South Yorkshire Times October 25, 1969
Serious Effects of The Strike
With Yorkshire’s 70,000 miners continuing their strike for shorter hours, in spite of the N.C.B’s pay offer of a 27s 6d. a week rise, other local industries were this week beginning to feel the effects of the stoppage.
At the giant Manvers Main Coking Plant at Wath, which employs 700 men, stocks of coal were dwindling and a spokesman for the General and Municipal Workers Union warned that if the ovens could not be kept up to a certain temperature they would break up.
Growing Worse
“The plant takes 30,000 tons of coal a week from local pits. At the beginning of the dispute we were able to obtain supplies from the Derbyshire Coalfield, but now this has been cut off, the position is becoming very serious and grows worse every day,” he said.
If the plant was forced to shut down then local collieries could be seriously affected in future, he added.
The Grimethorpe works of Coalite and Chemical Products Ltd., which employ 460 men, were working at only 50 per cent. capacity this week as a result of the strike, but managing director, Mr. Francis Waring said that as yet there was no danger of redundancy.
“It is not the company’s policy to make men redundant except in extreme circumstances. At the moment we are holding daily meetings to keep up to date with the latest position,” said Mr.
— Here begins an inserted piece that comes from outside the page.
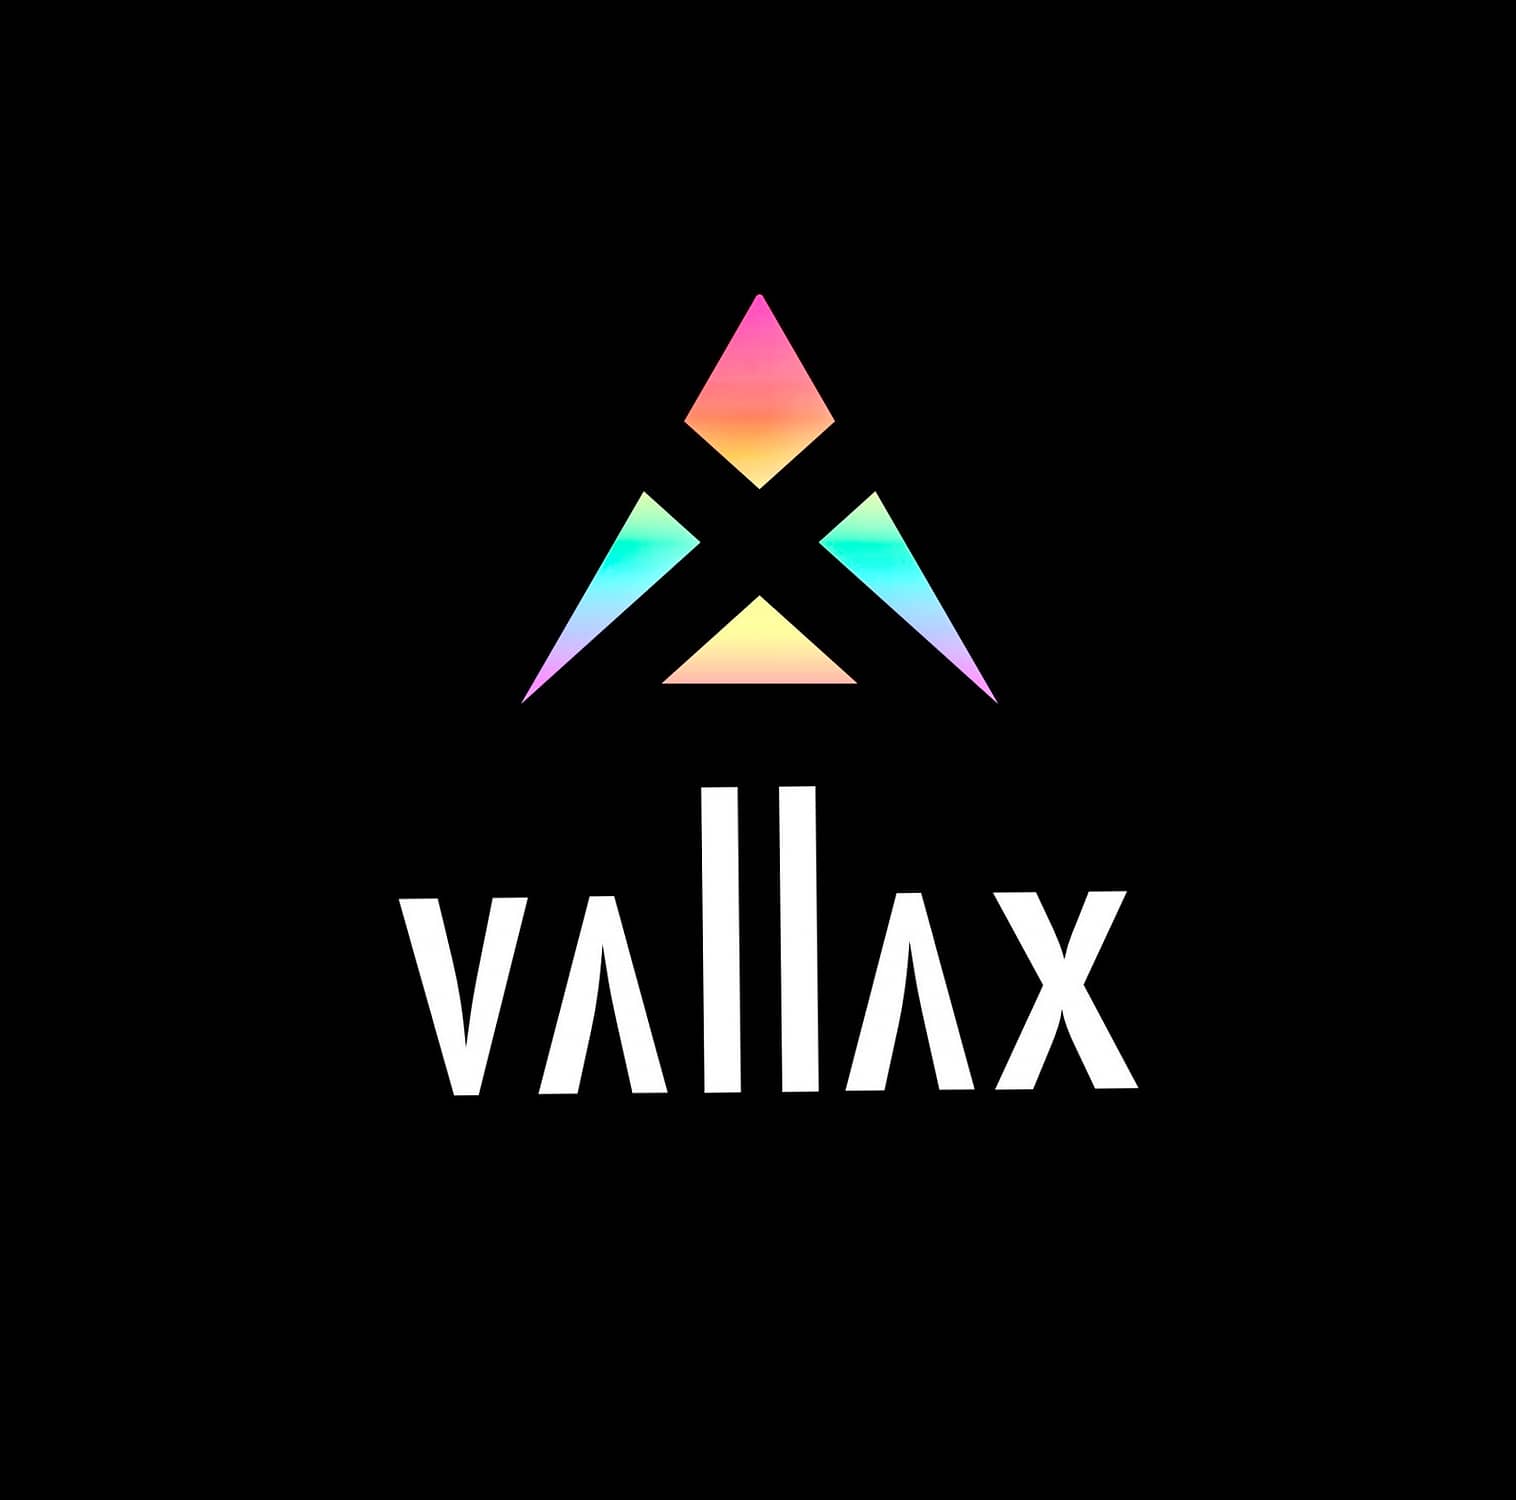 Vallax logo vertical - Graphics
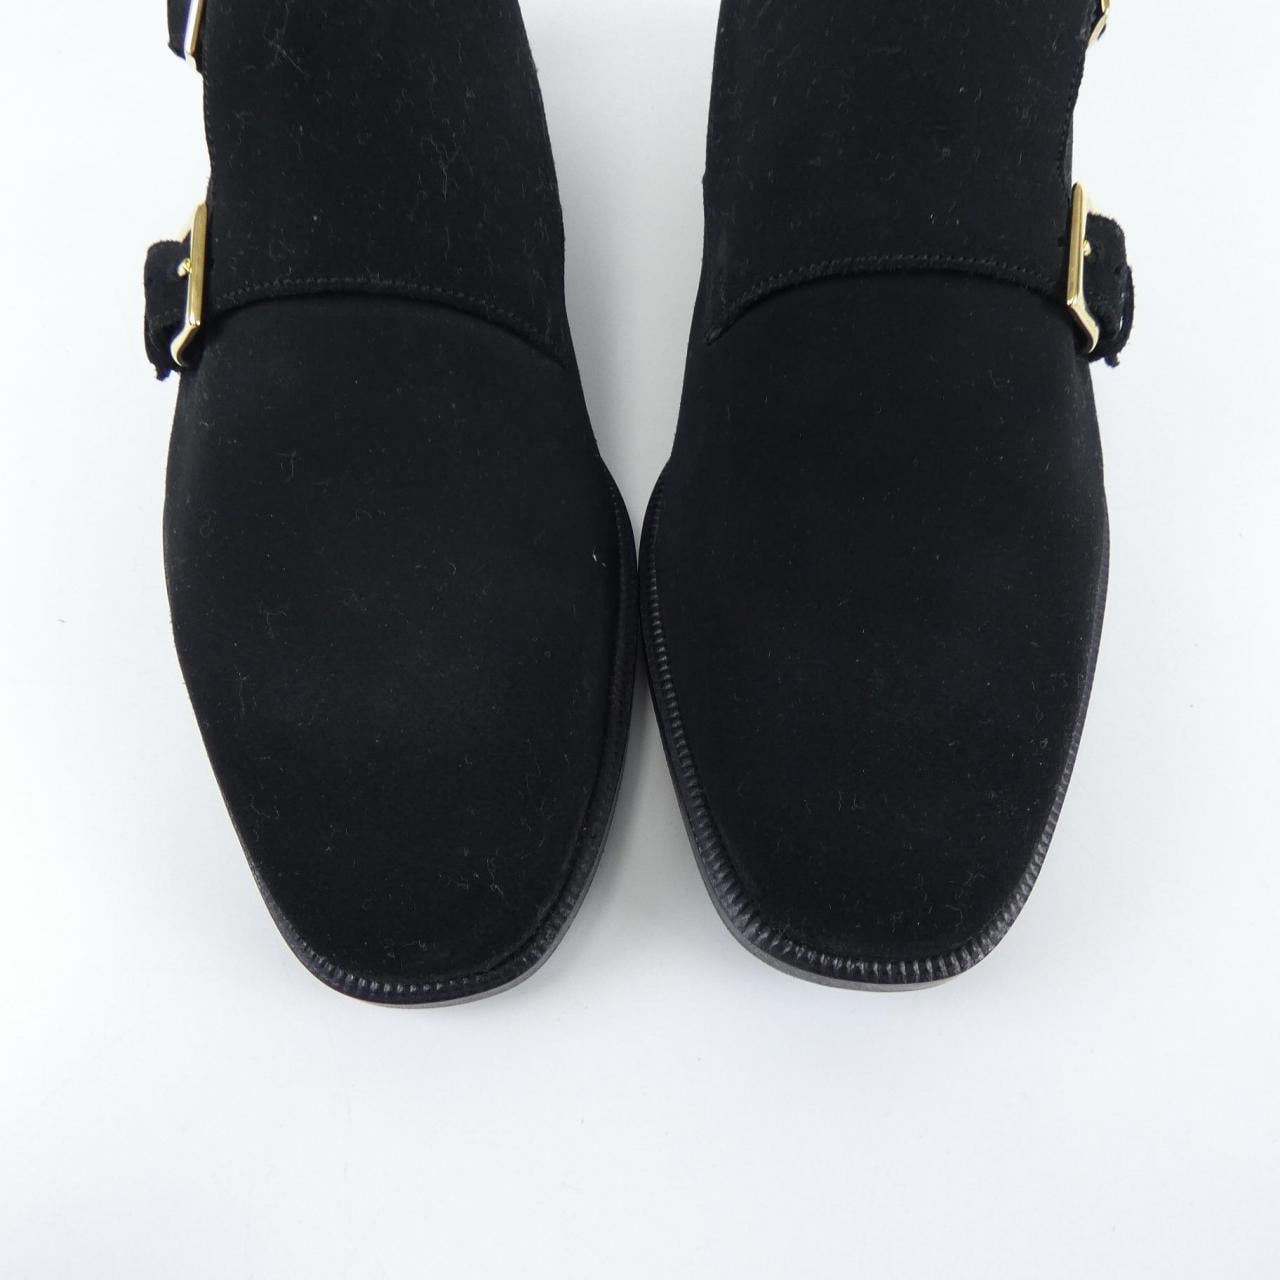 Enzo.Bonafe dress shoes

Waring.
Power Stations
At Mexborough Power Station the position is somewhat brighter. A spokesman said that supplies at all local power stations were sufficient to last four or five weeks and added that there was no danger yet of men having to be laid off.
Meanwhile there seems to be no immediate chance of an end to the dispute, which brought 75 pits of the Yorkshire Coalfield to standstill, and which centres on a pay claim and a demand for 40 hour working week for surface men.
On Wednesday the Yorkshire Area Miner’s Council voted for rejection of the N.C.B. offer of a 20 7S6D a week pay rise, a decision which cut across the recommendations of the National Executive.
Hours Issue
Mr S Bullock, area president, said the working hours were the real cause of the dispute not the money involved.
No further meeting of the Yorkshire Area Council’s is planned before next Thursday special union delegates conference in London and union official said a settlement was unlikely before the meeting.
At Cadeby however, where 1600 men were on strike before the surface workers dispute came to her head, the men decided at a mass meeting last Saturday to return to work as soon as the main strike is over.
A local N.U.M. official told the “South Yorkshire Times” after the meeting, “The men have decided to return to work as soon as the dispute is settled, so that negotiations can begin in our own grievances over the deployment of market men. We are giving full support to the surface workers.” He added.